Hitherto unstageable, unfilmable and – for its ailing, censored author, almost unfinishable – Bulgakov's great sunset novel is a desperately glamorous ride through many worlds of betrayal, love and cruelty.
Its crowd scenes are swelled by writers, muses, Judases and petty officials. And the set-piece scenes that adaptors must convey are Faustian in their scope: they range from the fly-tormented crucifixion of Jesus to the luminous perversion of a muderers' ball, given by Satan and his giant black cat.
Complicite's signature ability to tell a story with breathtaking fluency across the media of words, concerted physical movement, dazzling film projections and immersive soundscapes helps the company succeed where the likes of Fellini and Lloyd-Webber abandoned hope.
Their three-and-a-quarter-hour staging brings Bulgakov's vision to teasing, mournful, erotic life. At its considerable best, it turns it into a human kaleidoscope: in one unforgettable scene, where the devil does a black magic show at a Moscow theatre, the gurning, quaking faces of the audience are multiplied and mirrored all over the huge backdrop.
Complicite's adaptation is a collage of horror and delight, played out at odd angles over multiple flickering planes. It captures the absurd wit, the philosophy and the sheer spectacular thrill of Bulgakov's novel. But it lacks tenderness – even though the eponymous lovers, a tortured writer and his muse, are foregrounded from the start.

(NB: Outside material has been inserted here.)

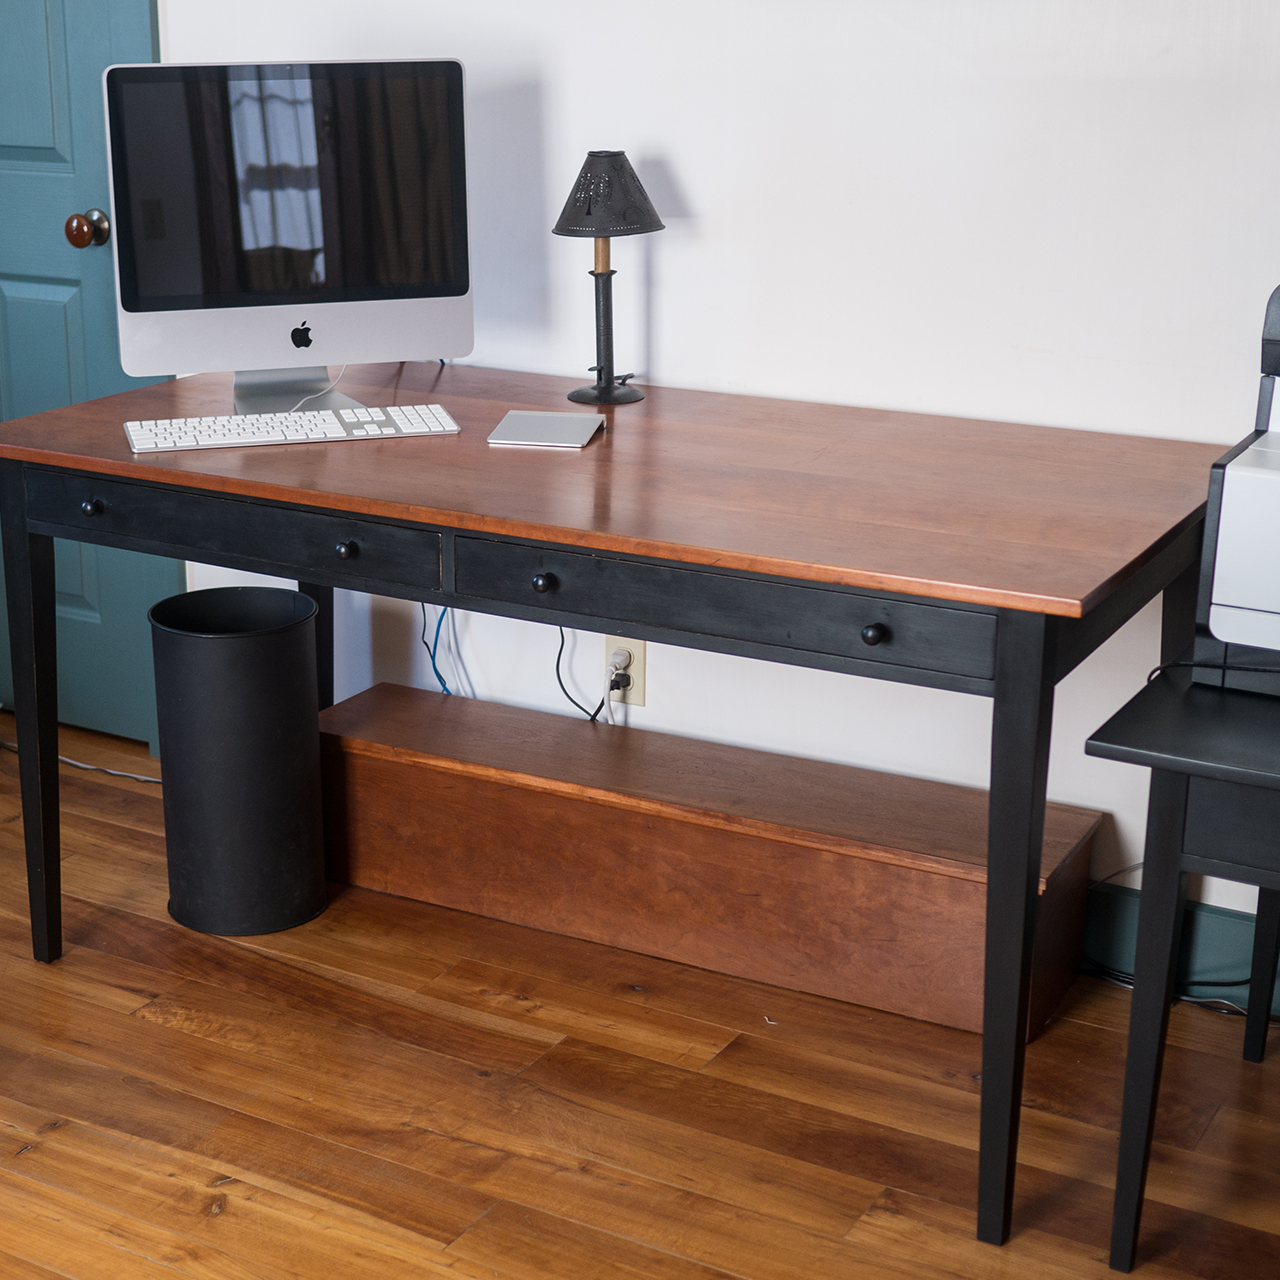 Shaker Two Drawer Desk/Table

Paul Rhys is heartbreakingly good as the broken Master – and, in one of the show's many impressive tricks, also plays Professor Woland, the Devil's alias in Moscow, with sinister Dracula-accented élan. But I found it hard to believe that Sinead Matthews's feisty Margarita loves her Master, even when she flies naked to Satan's ball to save him.
Like the multi-storied novel, the show suffers from multiple endings. In its biblical Jerusalem story, Tim McMullan's Pontius Pilate makes poignant emotional contact with Cesar Sarachu's Yeshua, whom he sentences to death.
This is one hell of a party. But that sense of love – and betrayal and complicity – is something gets a little lost in the impressive burlesquing of the black-magic finale, where the Master and Margarita ride through the sky and vanish into a technically dazzling black universe of stars.